Highlights this week include: a serious conversation about Twitter which exposes USC as a bunch of liars; some Venn diagram humor (hilarious!); we play "Hey, you know who's CRAZY?"; Twitter Tracker; LeGarrette Blount and the media's reaction thereto; the Undulating Curve of Media Hype; and the introduction of the Philosopher's Club, which will periodically feature quotes that I like for some reason or another.  Click on through for more!

Twitter annoys me for many reasons.  The main one is that it's primarily a forum for unmitigated egotism.  Now, to different extents we all think that other people should be interested in our lives and thoughts.  If I didn't, I wouldn't write for Burnt Orange Nation.  My problem isn't with the egotism, but with the fact that Twitter has made it socially acceptable to shamelessly broadcast your egotism.


USC Safety Taylor Mays was asked about the Heisman race this year in the context of an article exploring why defensive players don't ever win, to which he hilariously responded: "McCoy is going to win," his reasoning being that Mr. McCoy is the only one of the big three quarterbacks yet to win. "Then they could have a little Heisman brunch." A hat tip where a hat tip is due. That's comic gold right there.

However, with respect to sports, Twitter has thrown on its head numerous conventions of the sports media complex in important ways.  For one, it has allowed athletes to communicate with fans directly, removing the sports writer from his position as mouthpiece from the locker room.  It's to the point where sportswriters are reporting on the quotes athletes give over Twitter (see, e.g., the Shawne Merriman fiasco this weekend).  And if sports fans can read the primary source material themselves and form their own conclusions, then the value of the sportswriter-as-mouthpiece diminishes.  However, due to the lockdown that big program coaches now have on their players' online activities (with the rare exception of someone like Rob Lunn, the former UConn lineman who blogged his senior season and rose to incredible and deserved popularity once I single-handedly  launched his career; you're welcome buddy!), this is more of a concern with professional sports.

The second aspect of sports media that Twitter has upended (or is in the process of upending, anyway) is the information lockdown that major programs try to maintain (none more so than Texas).  BON fave Bruce Feldman illustrated that point brilliantly when, about a week ago, he was at a Pete Carroll presser and first tweeted this at 12:23pm during the press conference: "odd moment at pete carroll presser: tj simers asks first question what do u have against mitch mustain? carroll not thrilled."  
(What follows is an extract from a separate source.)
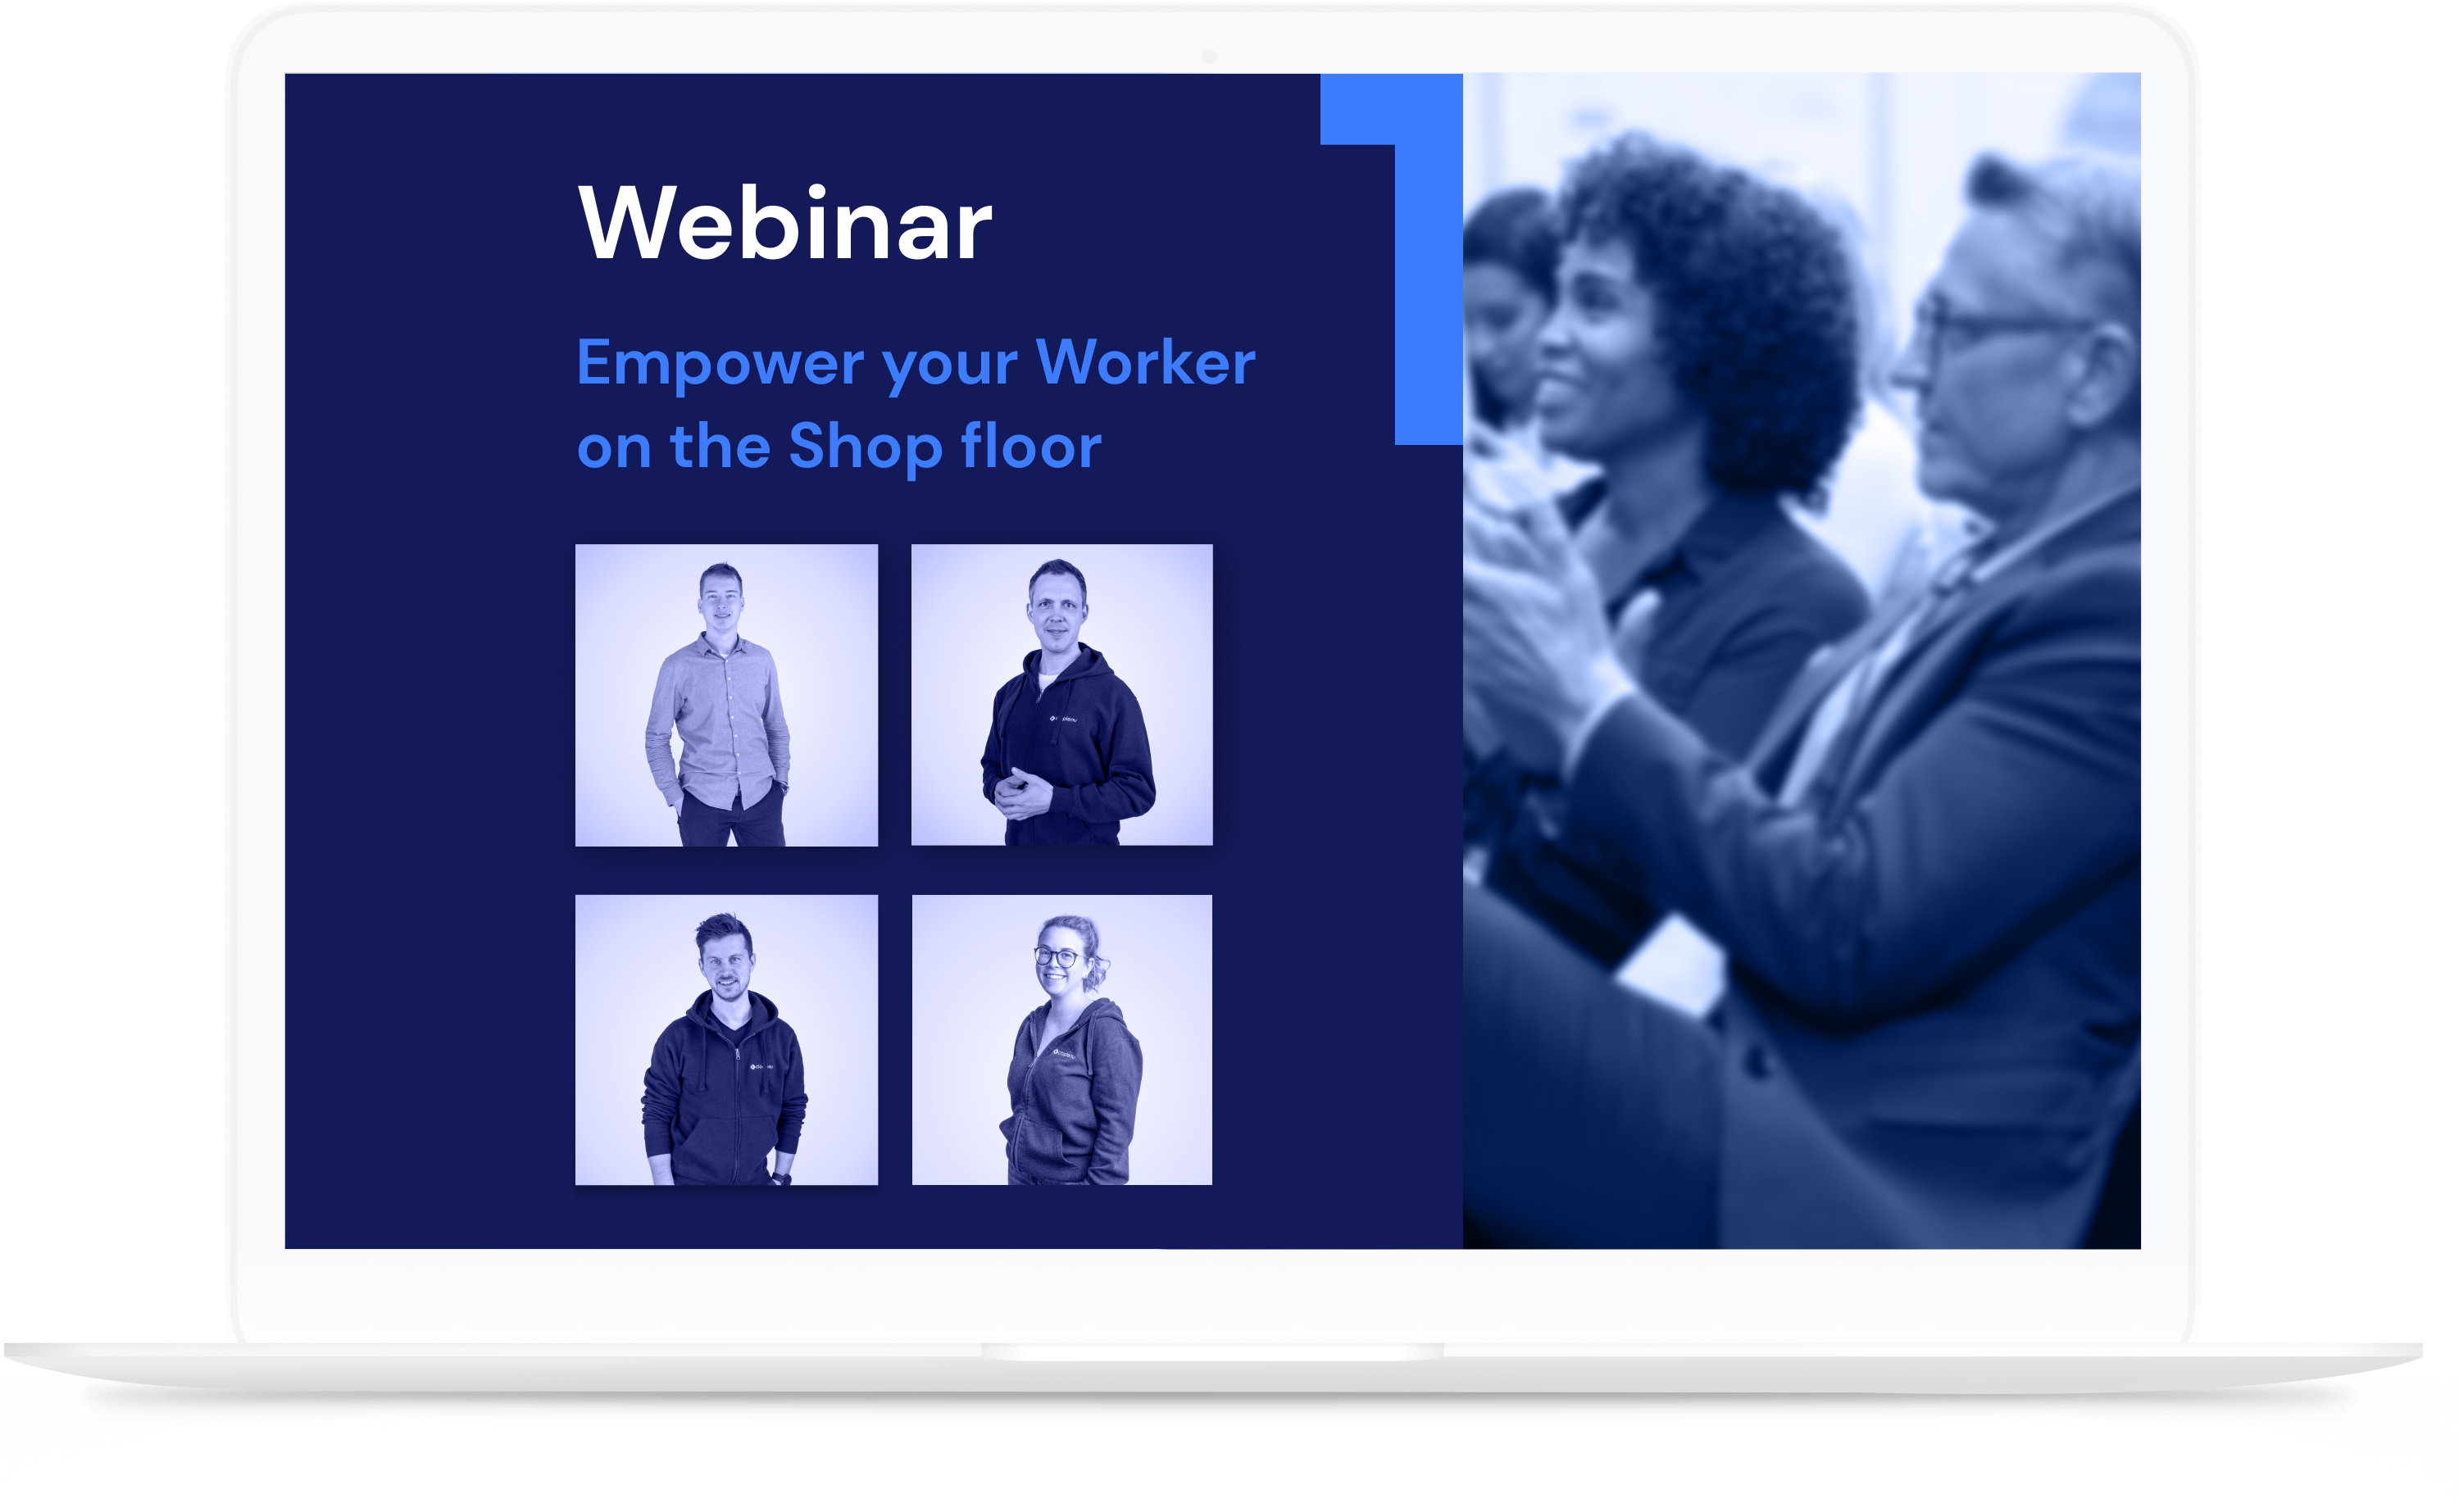 Webinar_Empower_your_Worker_on_the_Shop_floor_mit_Operations1

Nothing special there, really.  I wouldn't have been thrilled with that question either if I were a head coach, even though it's pretty apparent that TJ Simers was joking.  But then, later that evening, Feldman posts this: "it's funny looking at the ASAP transcript #USC put out from the Carroll presser. The TJ Simers questions are listed as (indiscernable on...)".  So Feldman is effectively saying that the USC sports information department is censoring Simers' questions by saying they were "indiscernable" because he asked ones that they didn't like.  Is it true?  In short, absolutely.  Read the transcript and watch the video.  Not only are Simers' questions very much discernible, but Carroll's immediate annoyed reaction "I don't know why you'd even ask that" was also omitted from the transcript.  Scandal!  (Here's a tip, USC: if you're trying to pull a fast one in the written transcript, don't also release the unedited video.)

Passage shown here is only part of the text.